Frequently asked questions on pH


Editor's Picks

Matt Clarke answers some of the most frequently asked questions on pH.

What is pH?

The pH shows how acidic or alkaline water is, and is a measure of the amount of hydrogen and hydroxyl ions present in the water.

How does the pH scale work?

The pH scale extends from 0 to 14 with 0 being extremely acidic and 14 being extremely alkaline. A pH of 7 is neutral, that is, neither acidic nor alkaline.

The critical thing to remember about the pH scale is that it is logarithmic. This means there is a tenfold difference in each unit. A pH of 8 is 10 times more alkaline than a pH of 7, and a pH of 6 is 10 times more acidic than a pH of 7. So what appear to be small changes in the water chemistry to us are much larger in chemical terms and can have a dramatic effect upon the fish.

How can I measure pH?

You can buy a simple liquid or tablet test kit for 5-10, or a more accurate meter or computer for 50-200.

Test kits come in several forms designed for measuring high range pH (more than 7), low range pH (less than 7) and a broader pH range. Broad range kits are not very accurate and only provide a rough approximation. You can get special kits designed for use in saltwater.

Do some fish need water of a specific pH?

Those from acid waters, like the Amazon and forest pools in West Africa, are called acidophiles and prefer a pH below 7. Fish from alkaline waters, like marines or Malawian or Tanganyikan cichlids, are alkalophiles and prefer a pH over 7, preferably around 8. Both groups are intolerant of the wrong pH.

My tapwater is pH 8. Should I make the water softer and more acidic for my Neons?

While acidophilic fishes prefer soft, acidic conditions, if you live in a hard water area, your shop will probably have acclimatised them to hard, alkaline water. While some shops lower their pH, most keep their community fish in adjusted tapwater.

If you want to keep trickier fishes like Discus, Rams or certain anabantoids, it might be necessary to change the pH and hardness before buying fish. Always ask your retailer about their water when getting new stock for your tank.

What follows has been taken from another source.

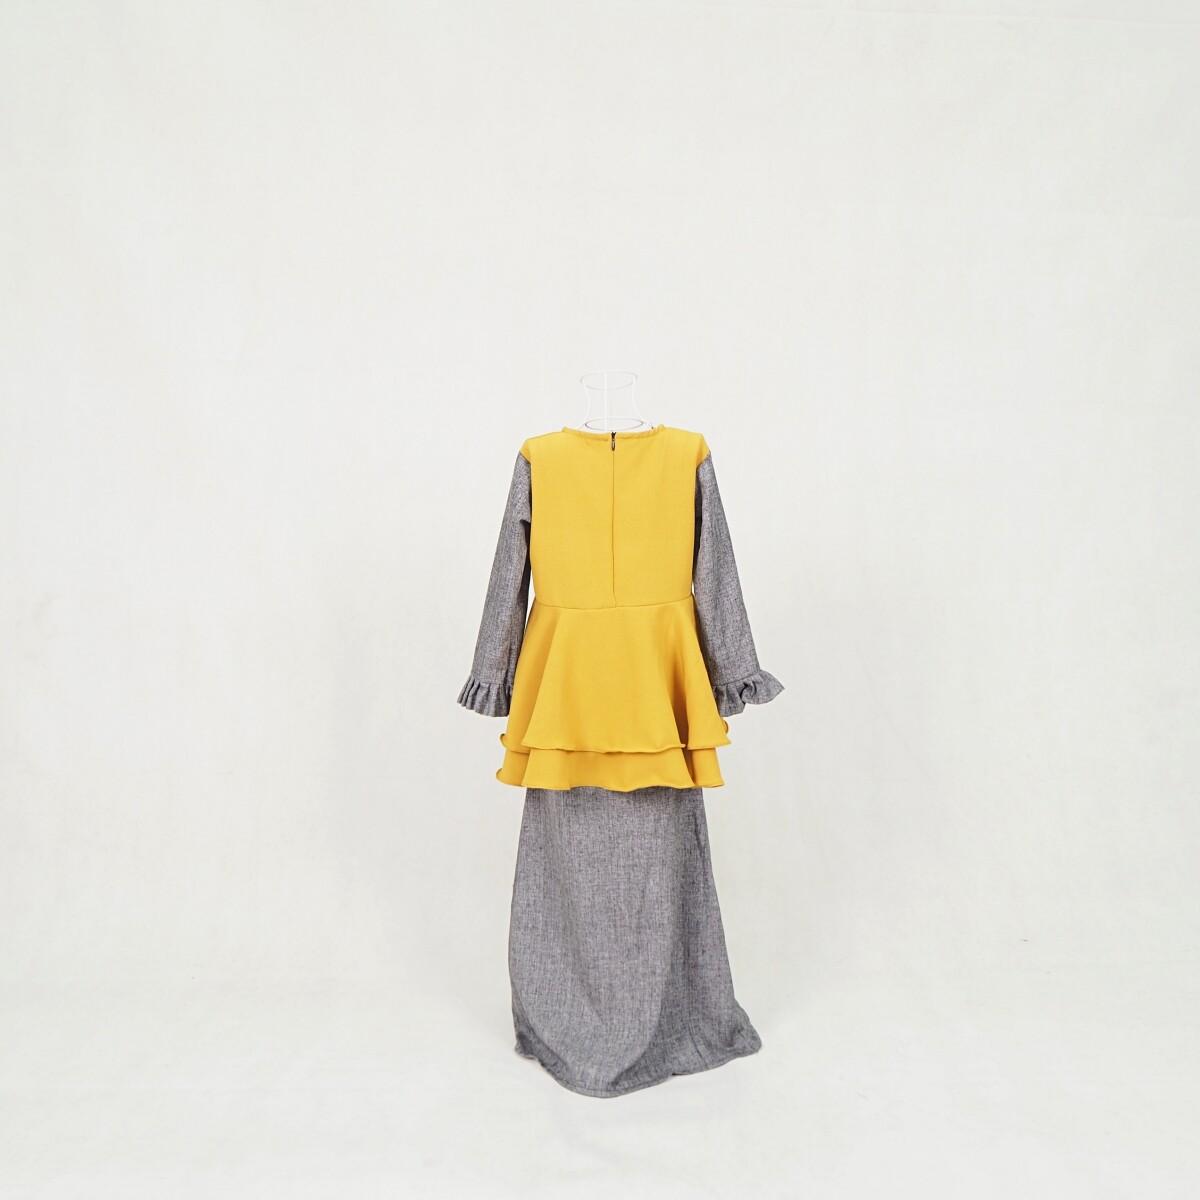 Muslim Kid Baju Kurung Kanak-Kanak Baju Raya Peplum Baju 2021 / Girls Dress / Merlene Baju Kurung Kid Girl Baby (7-12Years) / Ready Stock / Murah / Ship from Malaysia / Hot Product

If you want to breed fish from softwater areas, you'll need to reduce the pH and hardness to get them to spawn. There may be a link to the chemistry of the water and the number of healthy eggs or fry produced.

What makes pH go down?

The main reason for a drop in pH is carbon dioxide. This gas dissolves in water to form carbonic acid, which gives rise to the hydrogen ions that reduce pH. CO2 is produced by the respiration of plants, bacteria and fish. Other processes can also contribute to a drop in pH, including nitrification, methane fermentation and sulphide oxidation.

This means that if you have lots of fish, lots of plants, or a dirty substrate or clogged undergravel filter, you are most at risk of pH drops. The water that leaves some denitrators can also be very acidic.

What makes pH go up?

Many rocks and gravels sold for use in the tropical freshwater tank contain minerals that increase the pH and hardness. If you don't want the pH to increase, ask your dealer for inert substrates and decor.

Untreated concrete around a pond can increase the pH to dangerous levels, often leading to the loss of fish. Always treat nearby concrete with a pond-sealant paint such as G4.

Photosynthesis can also increase pH. If the tank or pond gets lots of sunlight and contains loads of plants or algae, the pH can get very high in the day.

What is the best way to increase my pH?

If you have soft, acidic tapwater and you wish to keep fish that like hard, alkaline water, the best way to increase the pH and hardness is to use aragonite. This is a calcium-rich mineral and boosts and maintains a high pH and hardness. Unlike coral sand, coral gravel or dolomite chips, aragonite starts to dissolve at a pH of about 7.8 rather than about 8.

Why can't I reduce my pH?

It is difficult to reduce the pH of your water if the KH (carbonate hardness) is too high. The KH provides a buffer to acids and prevents them from decreasing the pH. Some carbonate hardness is important, otherwise the pH will drop as acids are produced in the tank.

Should I add a chemical pH increaser or reducer to the tank to adjust my pH?

Adding liquid or powdered products to increase or decrease pH is rarely a permanent solution. The majority of aquaria have a fairly high KH which provides a buffer to acids, for example.

Adding these products could cause potentially stressful fluctuations in pH. I avoid using them where possible. I would recommend avoiding them unless you really know what effect they are having.

What is the safest way to reduce my pH?

Because a high KH reduces your chances of keeping the pH down, start off with RO water which has a low mineral content. Add a pH-reducing acid, such as API's pH Down, until you reach the desired mark. Replenish hardness with a mineral supplement.

I'm adding CO2 for my plants but it affects my pH. Why?

Carbon dioxide forms carbonic acid when added to water, which reduces the pH. Plants take in CO2 in the day to produce oxygen, but at night the process is reversed. This means that the pH can get very low in the morning and rise during the day. Turn off your CO2 supply at night and add an airstone if the pH drops too low.